— GIVEN INFORMATION —
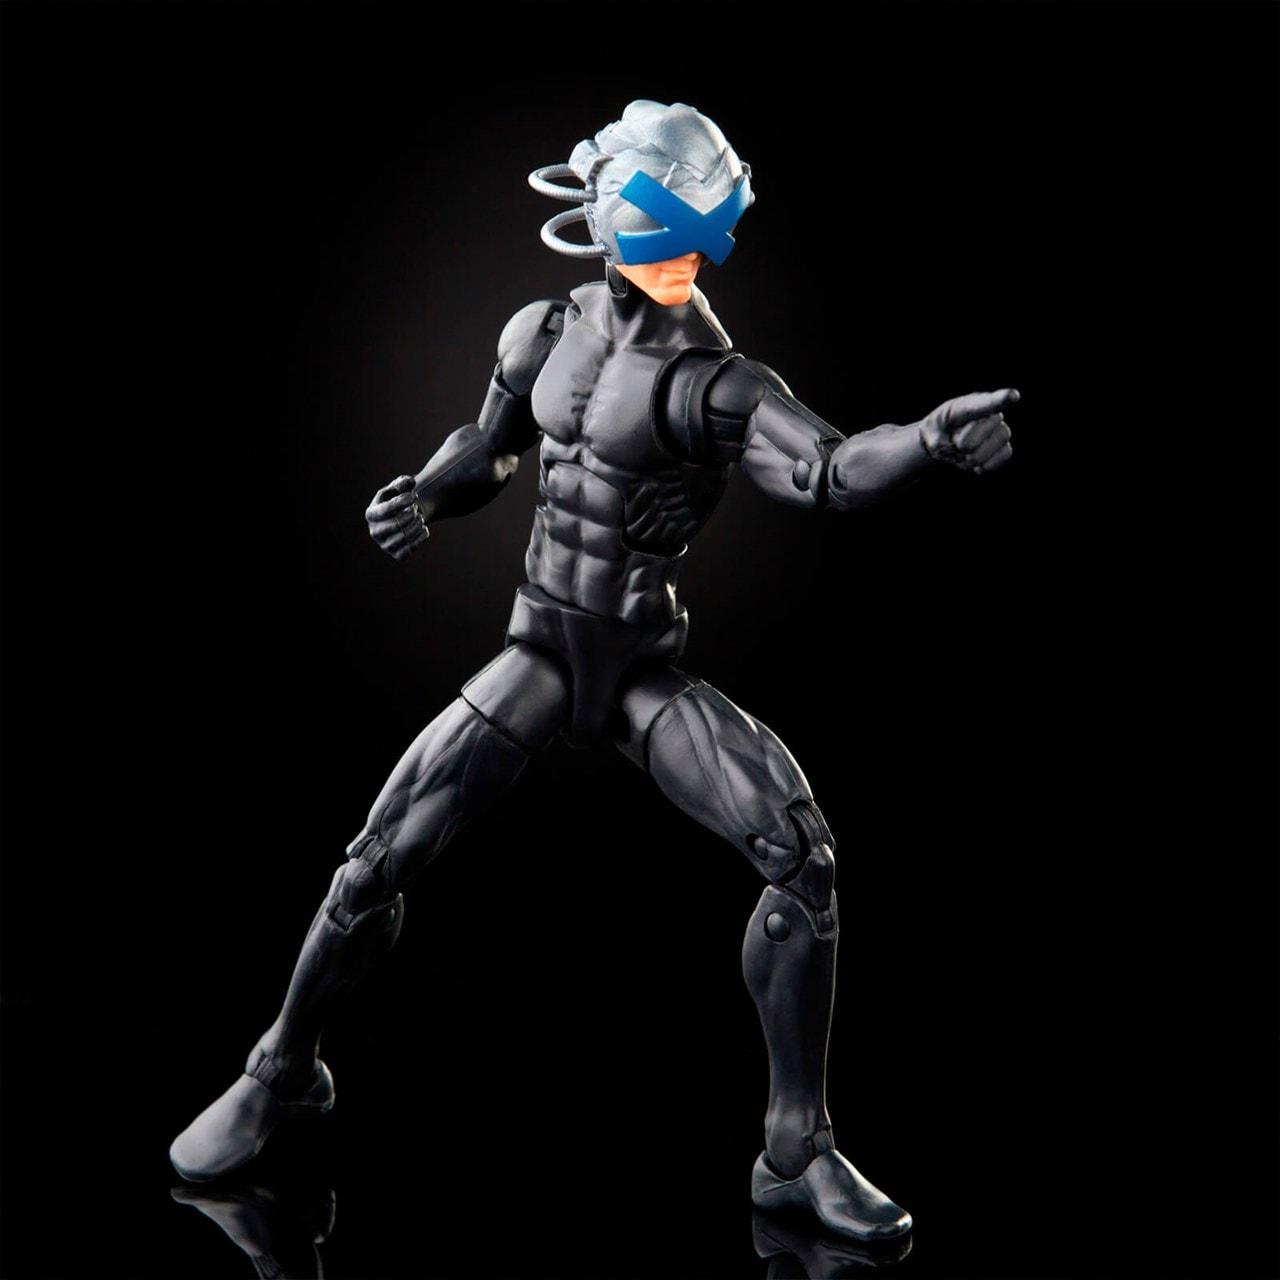 Marvel Legends Series X-Men Professor X Action Figure - 1
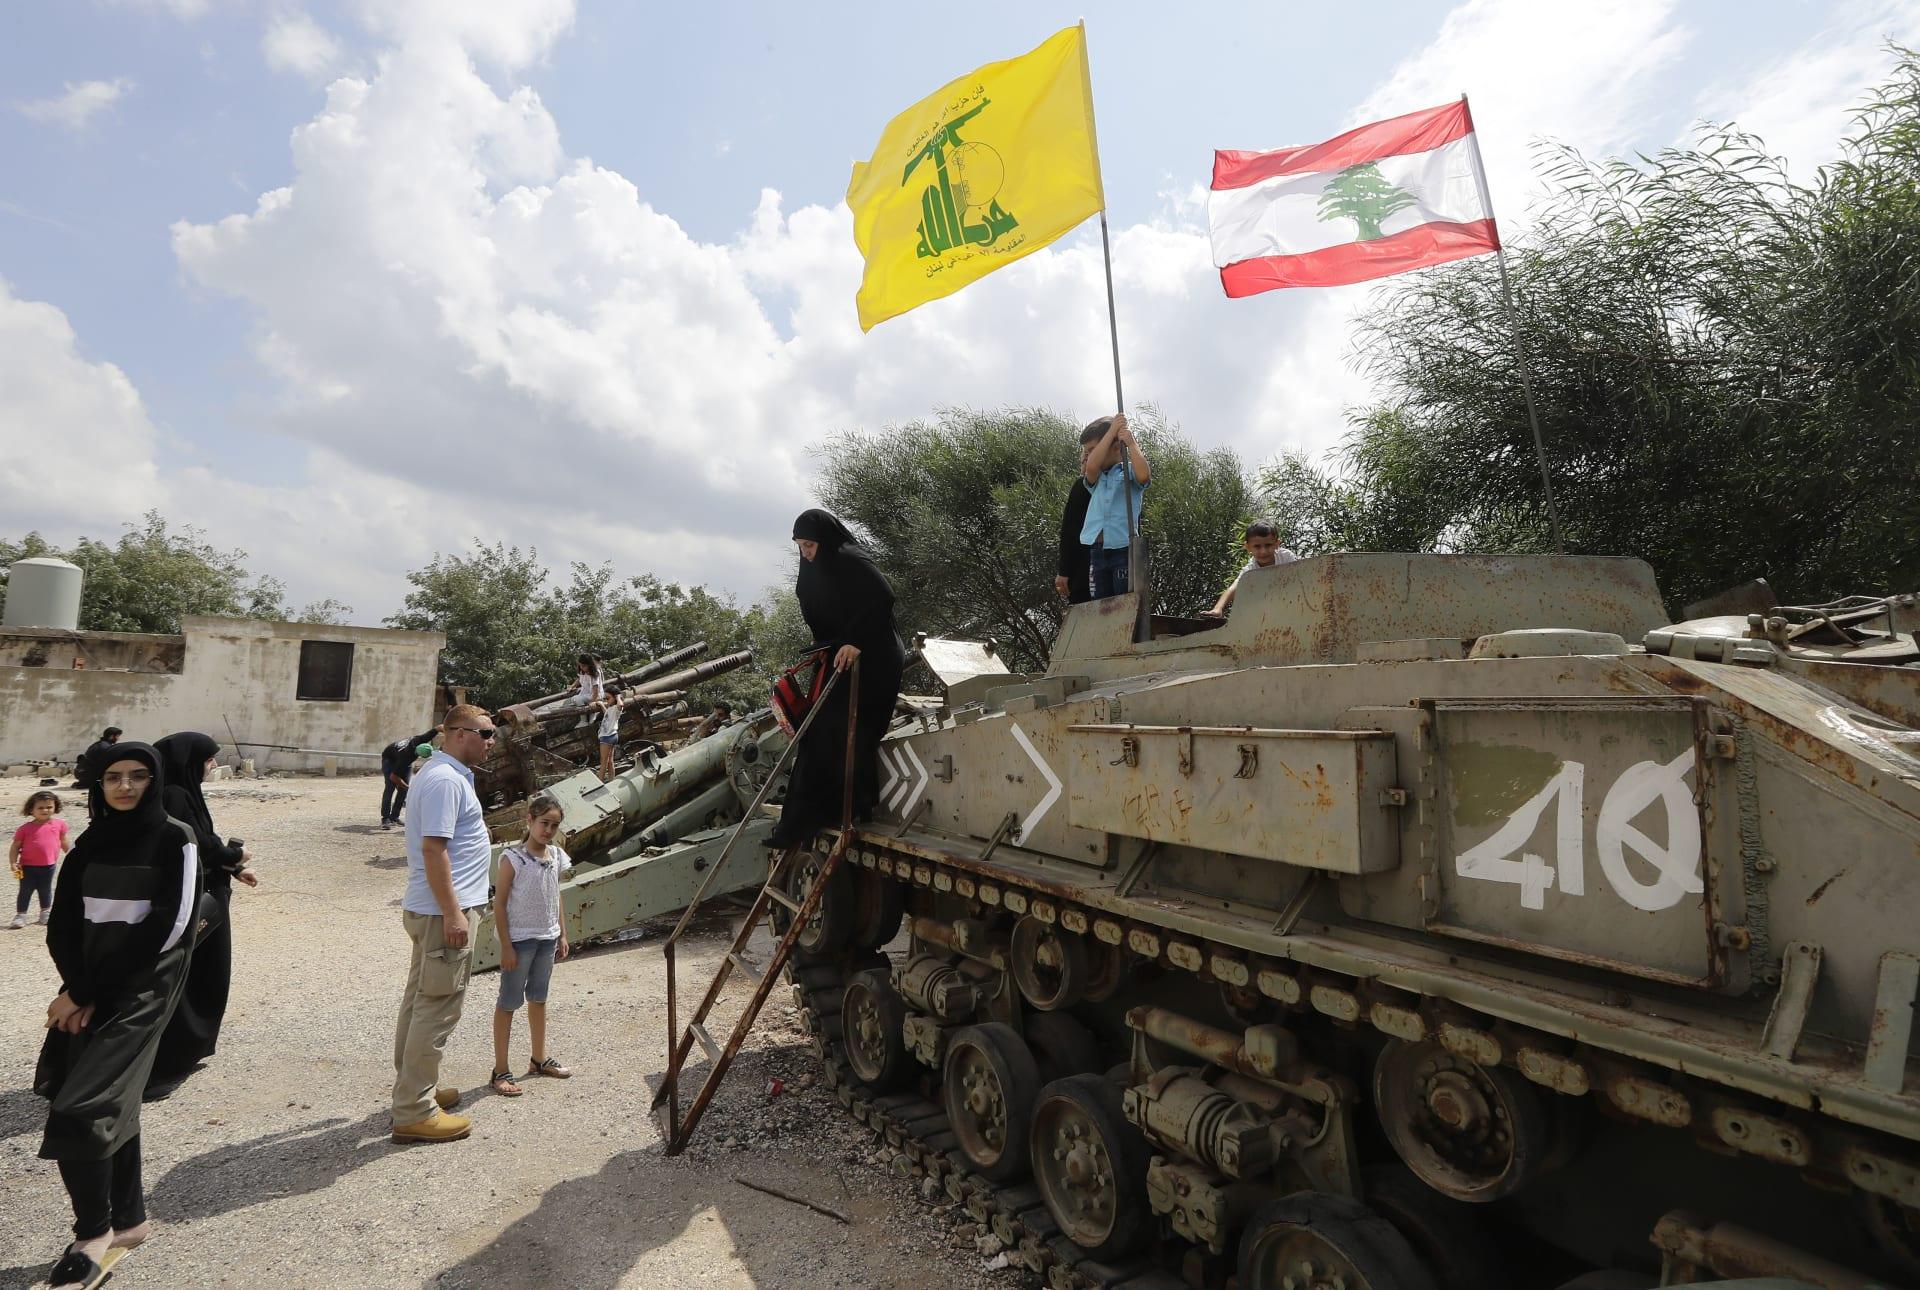 حزب الله يعلن استهداف طائرة إسرائيلية بدون طيار في أجواء لبنان
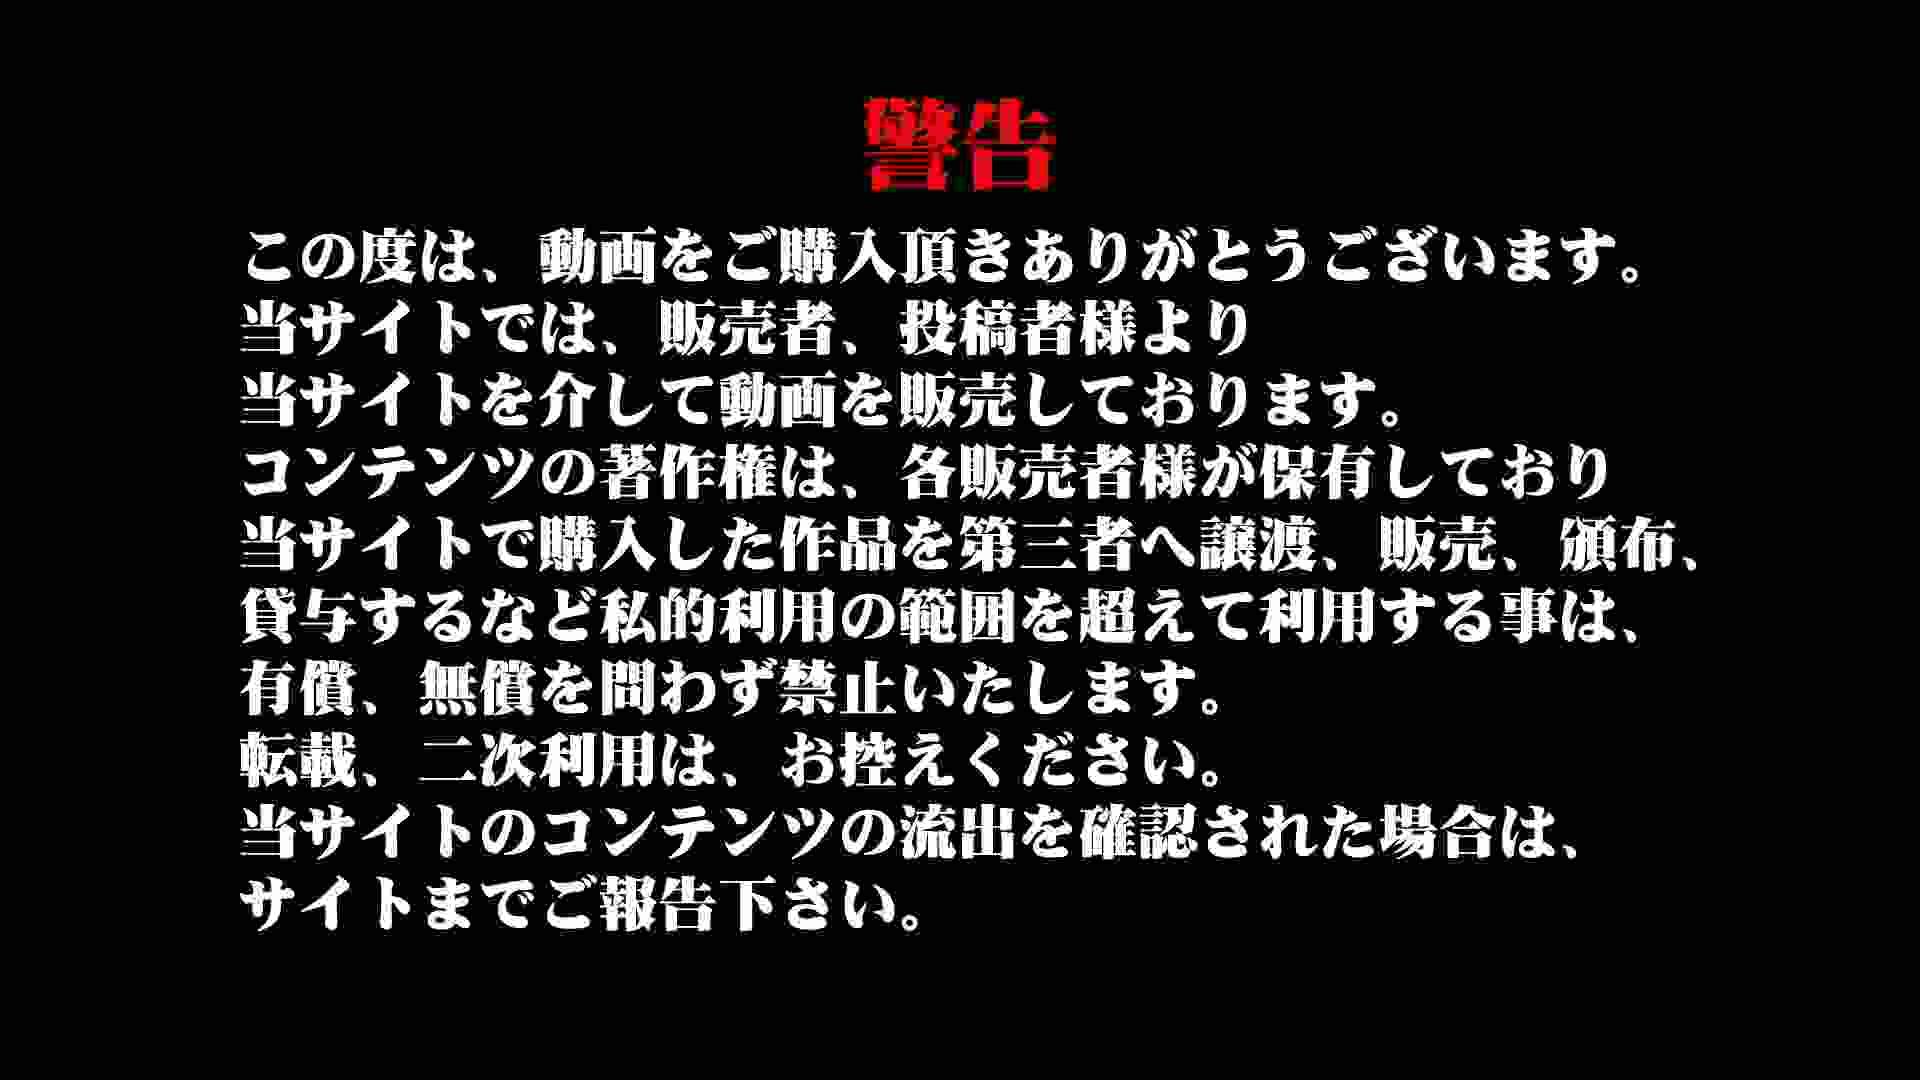 レースクィーントイレ盗撮!Vol.02 盗撮 | 便器  83枚 1

— WORK ORDER —
Set down again, exactly, the lines from the one with "حزب الله يعلن" to the last line of the data, both included and pictures excluded.

— WRITTEN SOLUTION —
 حزب الله يعلن استهداف طائرة إسرائيلية بدون طيار في أجواء لبنان
 レースクィーントイレ盗撮!Vol.02 盗撮 | 便器  83枚 1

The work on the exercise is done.